For AWS Lambda, there are four types of metrics; Invocations, Errors, Duration, and
Throttles. You can find more information about Lambda metric alarms here.
In this blog, we will focus on “error” metrics, which is triggered by events such as:
- Handled exceptions (e.g., context.fail(error))
- Unhandled exceptions causing the code to exit
- Out of memory exceptions
- Timeouts
- Permissions errors
Now, let’s see what problems we face at OpsGenie when monitoring our own Lambda
functions.
Of course, the goal is to get notified with actionable information whenever an error occurs in
the Lambda functions, which are monitored as carefully as our servers. However, when
monitoring our Lambda functions we faced the following issues:
Issue 1: Creation of necessary alarms. When you create a new Lambda function, no alarms
are generated by default. We needed a way to create alarms automatically with the right
metrics.
Issue 2: No actionable data. When an “error” metric alarm is triggered, a message is sent to
an SNS topic. If you use CloudWatch to get the data sent to you in the SNS message, this
does not help since there is not enough explanation on the exception’s root cause. We only
get the alarm’s name, description, state history, and metric information from these
messages. There is no indication of the real problem, although it exists in the logs.
Here are common solutions to the problems, which are satisfying, but we
decided not to use them:
For Issue 1:
a) The creation of CloudWatch Alarms can be done with the deployment of our Lambda function. When we upload the function to AWS, we can create the necessary alarms; however, to reduce the complexity of the codebase we decided to take this out of the deployment processes.

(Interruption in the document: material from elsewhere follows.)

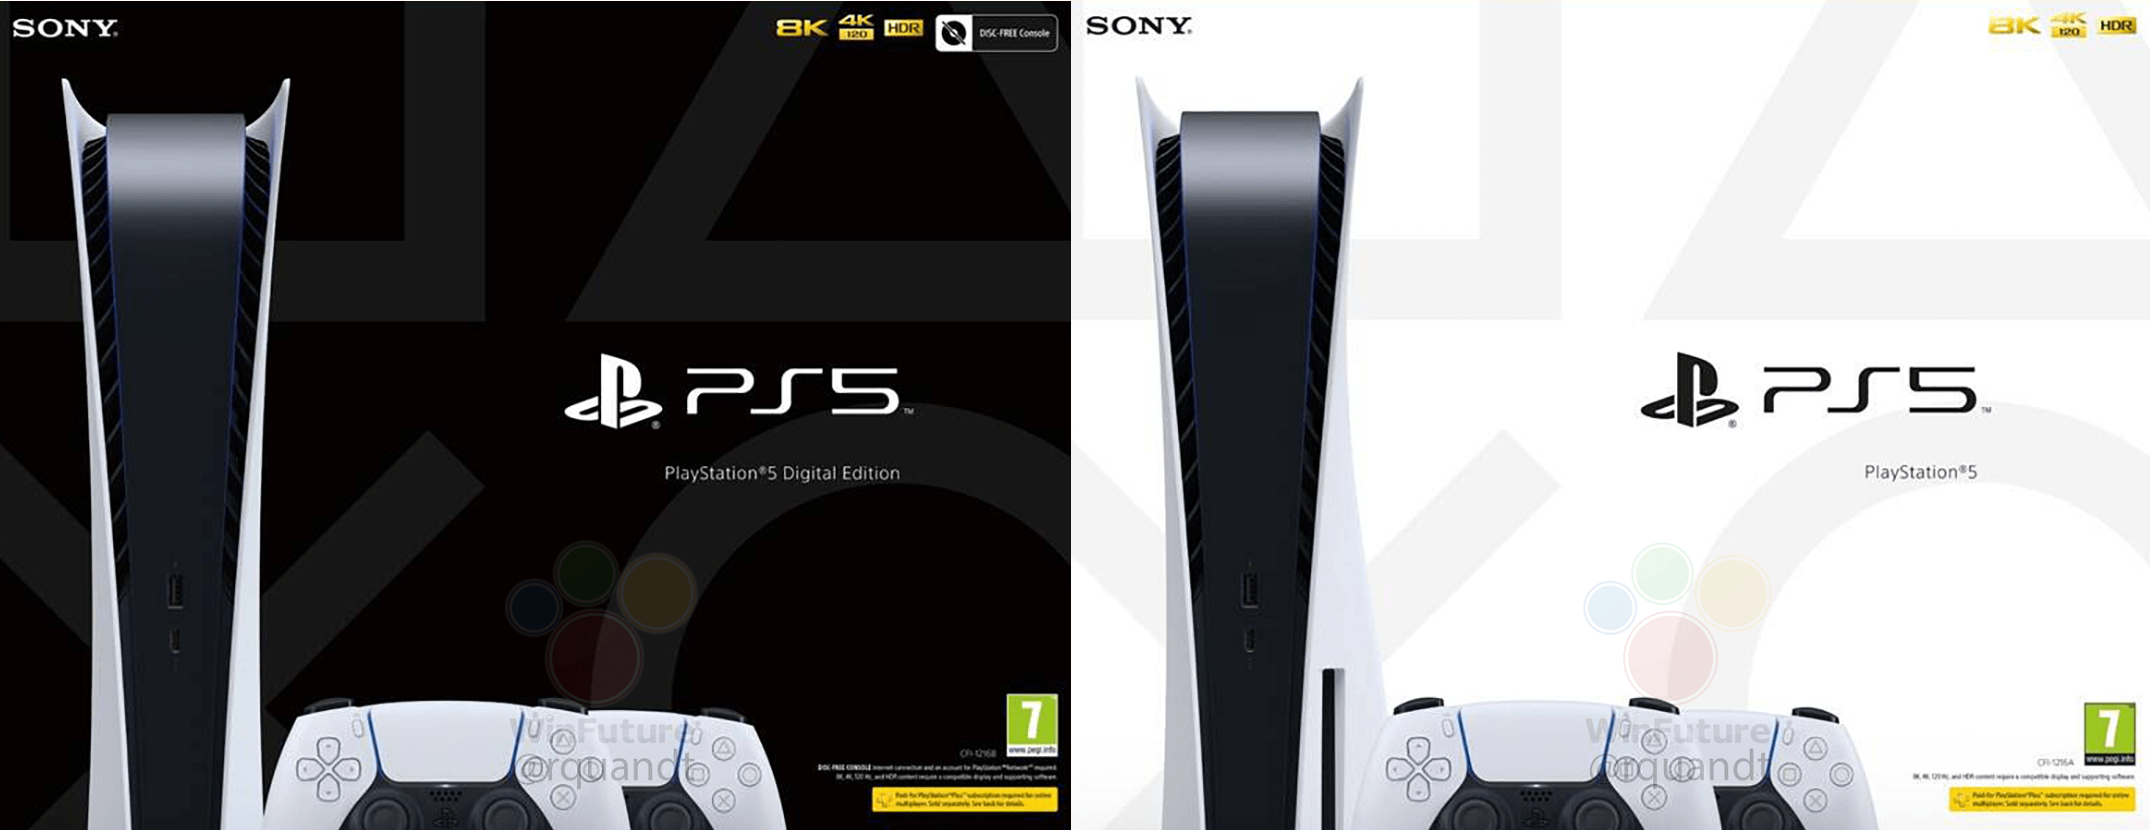 Por fin: Sony empezará a vender la PlayStation 5 con dos mandos DualSense

b) Another solution can be to use AWS CloudTrail service which writes API calls to AWS Lambda functions to Amazon S3. We would need to listen to logs from S3, parse and act accordingly at that point. This approach is feasible if in the future, we can get related CloudTrail logs in AWS Lambda. But now it seems unnecessary.
For Issue 2:
a) One way to solve the issue is to use our CloudWatch integration. Although, with this solution we need to see the related logs that could help developers see the real reason behind the problem.

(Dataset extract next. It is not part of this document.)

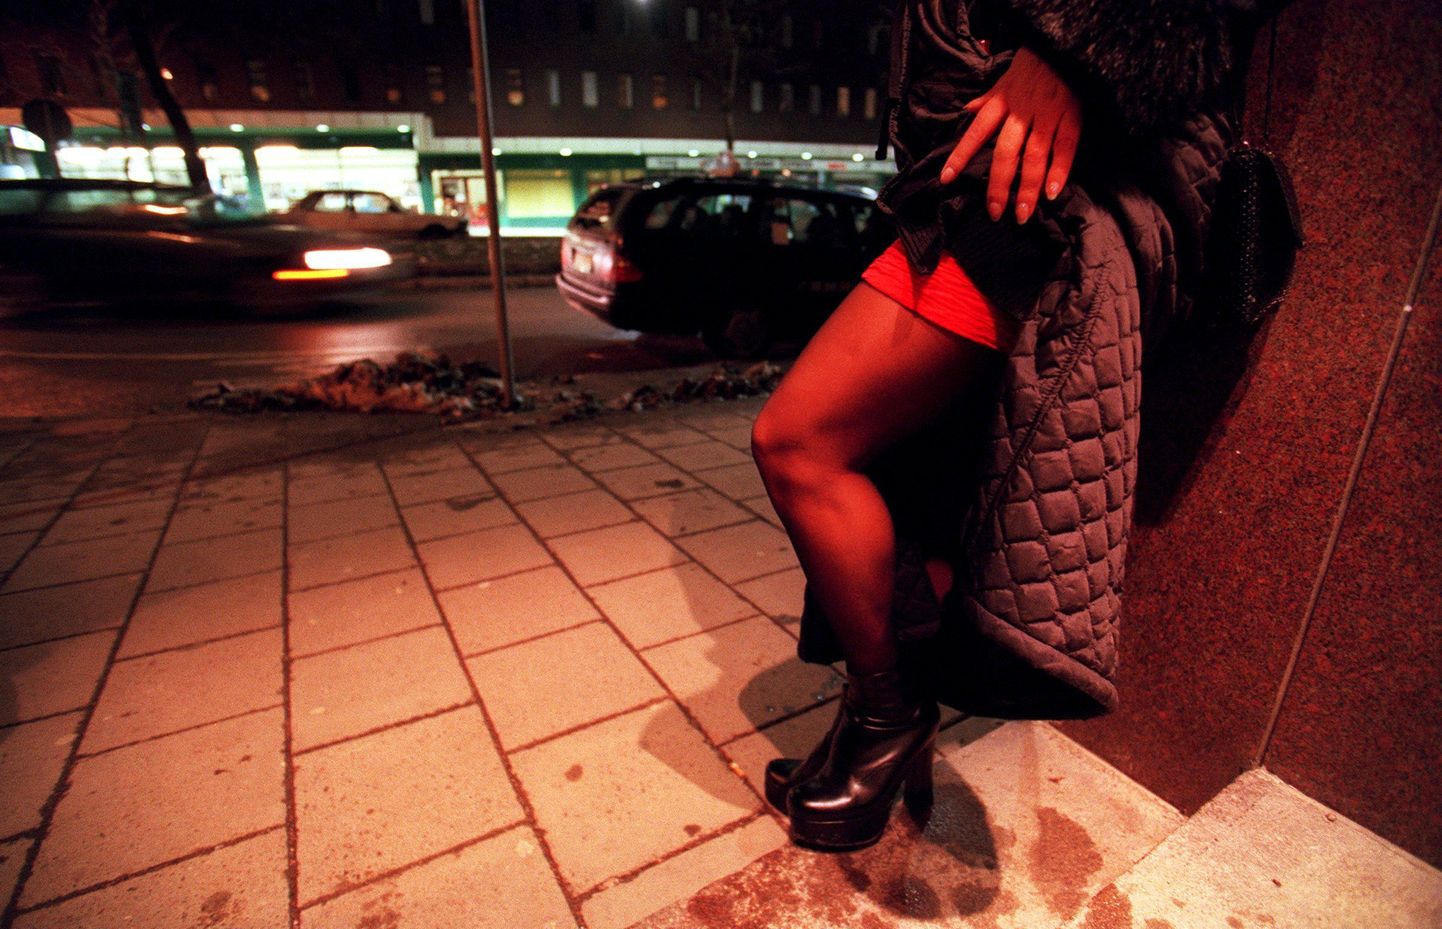 Prostituut. Foto on illustreeriv

b) Another alternative is to create a Lambda function that can query our Lambda functions logs and create an alert if it encounters an error pattern. This function can be executed periodically by using CloudWatch Events - Schedule trigger. Unfortunately, this solution has performance problems as it queries all logs and has the tendency to create redundant alerts or miss the real problems as it only looks for patterns within the logs.
OpsGenie solution to monitor Lambda functions
As stated earlier, here are the two new Lambda functions that we implemented to account for these issues. OpsGenie runs two lambda functions together! Illustrated below are the main building blocks to these problems along with code samples. (The code will be in Java, but it should be a straightforward approach to implement all these in other Lambda supported languages).
Two Lambda functions to automate monitoring and alerting:
- “CreateLambdaCloudWatchAlarm” function: A lambda function which periodically creates/updates CloudWatch Alarms.
- “MonitorCloudWatchLambdaErrors” function: A lambda function that receives messages from an SNS topic when a CloudWatch Alarm threshold is reached. It then creates an alert in OpsGenie with the related data.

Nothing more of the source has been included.